On Apple
Comment of the Day

February 13 2012

Commentary by Eoin Treacy

On Apple

Following Apple's stellar performance to date, I asked a subscriber based in Silicon Valley what sentiment is like on the ground. Here is his generous response:
“The View from Silicon Valley -- regarding Apple:

“As you mentioned, the price chart looks pretty overextended, but the underlying fundamentals look great. First, some of this super-fast run up was stimulated by the manure-poor job that the Wall Street "analysts" did in predicting Apple results -- any human with a brain who bothered to drop by a couple of Apple stores during the holidays and (especially) after the holidays would have noticed that the Apple stores were full of customers even when the other stores around them were empty. These people were buying stuff.

“Second, the "analysts" continue to completely miss the ongoing market share growth of Apple computers. The "analysts" are blinded by the bright lights of the cell phones and iPads, and totally miss that Apple is gradually eating away at Microsoft's monopoly, especially in laptops (which is where the profitable growth is in computers, ). Frankly, the MacBook Air laptop is rapidly becoming the must-have laptop for business travelers. Apple continues to be at least a generation ahead of the Microsoft-based computers in both laptops and desktops. Go check out their desktop with a pair of 27" monitors at your local Apple store. Fullermoney looks really good on them :).

“These "analysts" (I use the term extremely loosely) must never fly -- take any flight and count how many people are using some Apple device, and you will usually find that Apple devices outnumber all other devices combined on the airplane.

“Finally, part of the run up is due to the rumor, spread globally by the WSJ, that Apple will be announcing the iPad 3 next month. I've no clue if that is true, but that would certainly put a positive light on near-future revenues if it is true. Here in Silicon Valley, our rumor mill positions the iPad 3 as another really kick-butt product. On Wall Street, they talk of other tablets cutting into Apple's share -- out here, we think those guys are pretty funny since they are all holding iPad 2's as they talk about that, and between each of them and the TV camera is usually a MacBook Air laptop.

“The Apple strategy of a growing an ecosystem for their customers is paying off big-time -- this is a huge strategic advantage, and one that has a high barrier to entry, and makes their products ultra sticky for customers (once you become part of the Apple world, you will not want to leave).

“Additionally, Apple has focused on having the world's best customer service (both in their retail stores and in their support organization) -- not the cheapest support, but the best. They train their people exceedingly well, and really focus on having thrilled customers.

“Net net, I am expecting Apple results to be truly spectacular.
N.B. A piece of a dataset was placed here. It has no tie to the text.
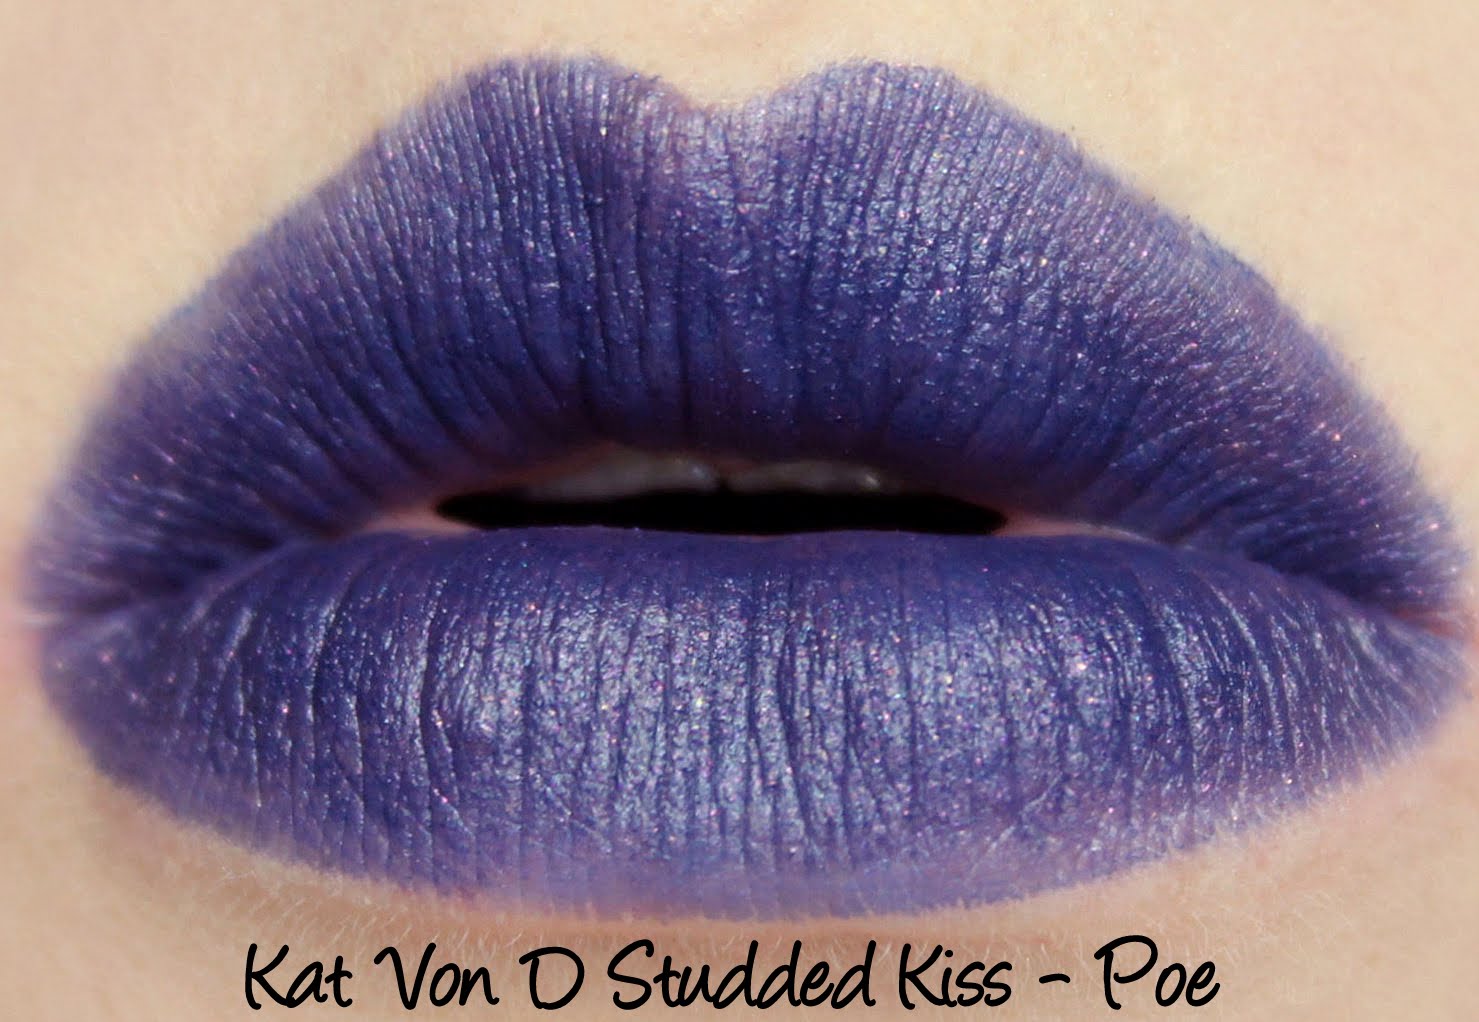 Kat Von D Studded Kiss Lipstick - Poe Swatches & Review

They should also pass the $100 billion cash in the bank mark shortly (you have to look at both their cash/cash equivalents line and the "long term investments" line, which is actually US Treasuries, which are arguably quite liquid and probably could be sold at a significant profit versus when Apple bought them). It remains a mystery what they will do with that much cash, but buying Microsoft is probably not one of the likely choices. They are expanding their real estate holdings here in the valley, but that is all small transactions when viewed from the top of a pile of real money.
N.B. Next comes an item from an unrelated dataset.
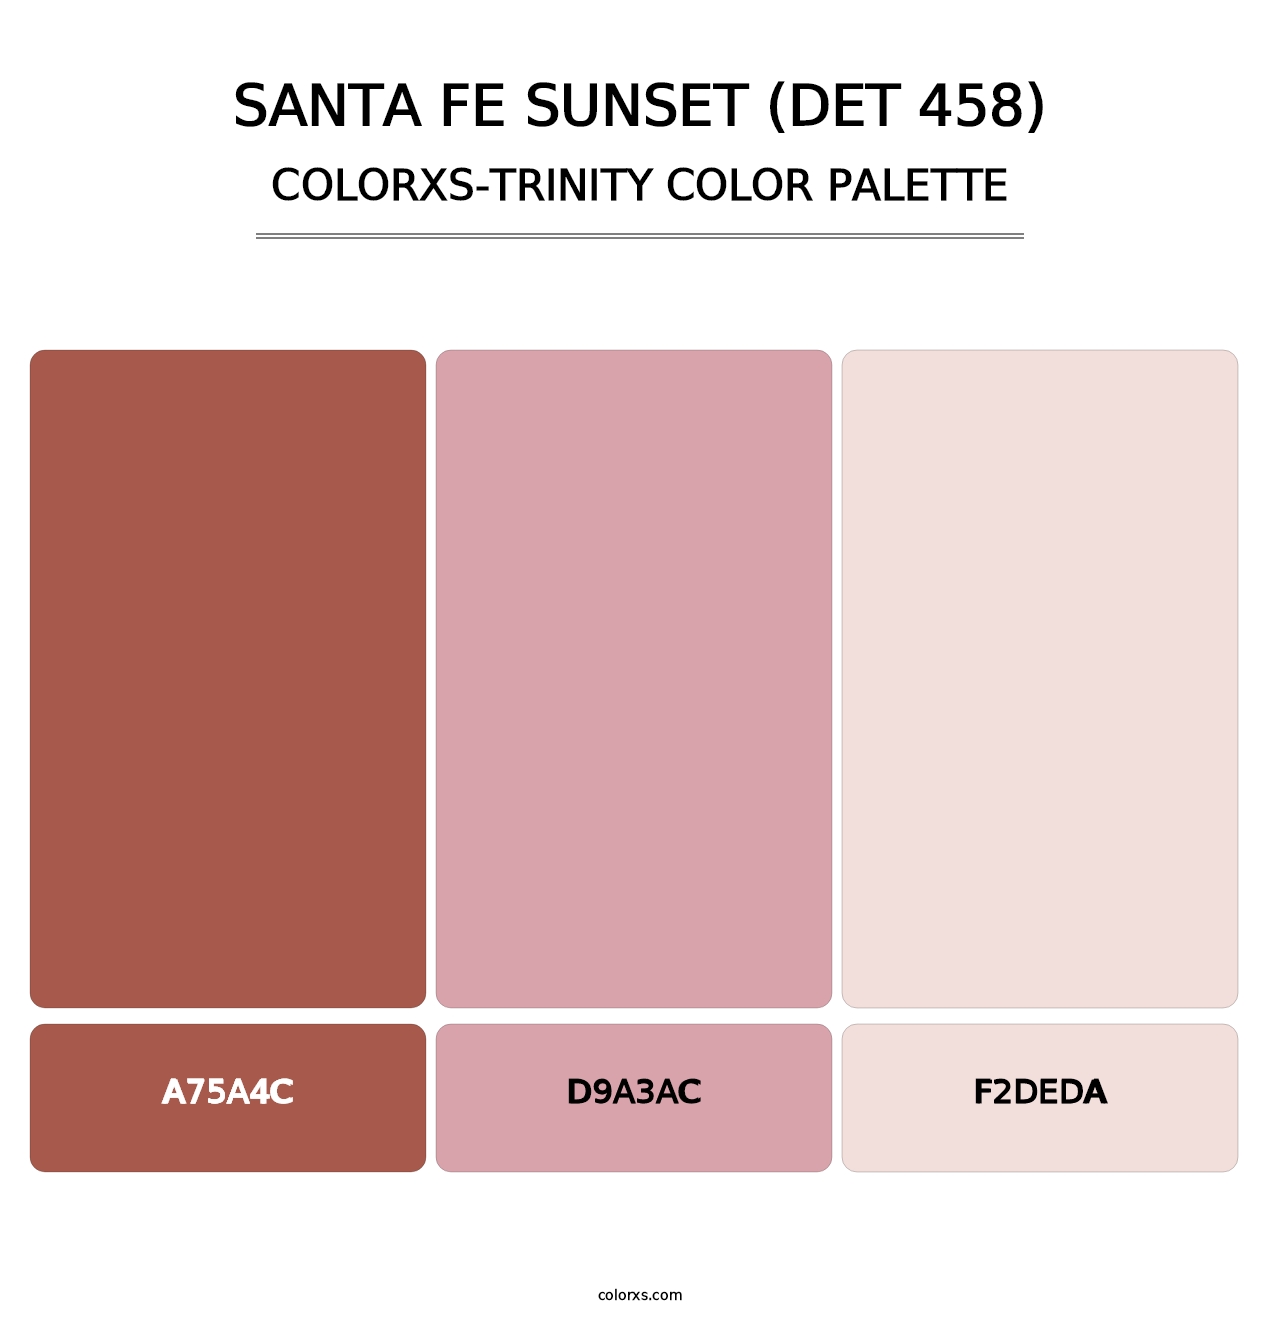 Santa Fe Sunset (DET 458) - Colorxs Trinity Palette

“At the same time, the parabolic move in the price, as taught in the Chart Seminar (to quote you guys :) ), is looking pretty steep. I intend to acquire more ownership on the next substantial pullback. If this stock pulls back to the 200-day MA, it may well be the most undervalued company in the market as measured by real earnings potential.
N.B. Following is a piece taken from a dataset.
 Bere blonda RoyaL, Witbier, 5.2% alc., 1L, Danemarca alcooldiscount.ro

“I hope this helps the Collective :)”

Eoin Treacy's view Apple is the clear global leader in handheld devices. It continues to fight a rear guard action against upstarts in the sector such as Google, Samsung and HTC. Patent infringement lawsuits have so far been partially successful in slowing the introduction of competing products but are unlikely to deter rivals from participating in such a high growth market beyond the short term.

Apple is now 27% overextended relative to its MA following an impressive acceleration over the last month. If the medium-term uptrend, defined by a series of ranges one above another is to remain intact, then a consolidation is overdue. This bar chart of Apple's revenue by product highlights the spectacular growth evident across segments. Provided its exponential growth trajectory remains intact, investors are likely to continue to give the medium-term upside the benefit of the doubt. In the short-term a reversion towards the mean is looking increasingly likely.

Google continues to consolidate in the region of the upper side of the two-year range but needs to sustain a move above $630 to confirm a return to medium-term demand dominance.

Following an acceleration lower in November, HTC found support in the region of TWD400 and continues to unwind the oversold condition relative to the 200-day MA. A sustained move below TWD500 would break the short-term progression of higher reaction lows and check potential for some additional upside.

Following an impressive rebound from the August lows Samsung Electronics had become quite overextended by late January. It posted a large weekly key reversal three weeks ago and some consolidation of recent powerful gains appears more likely than not.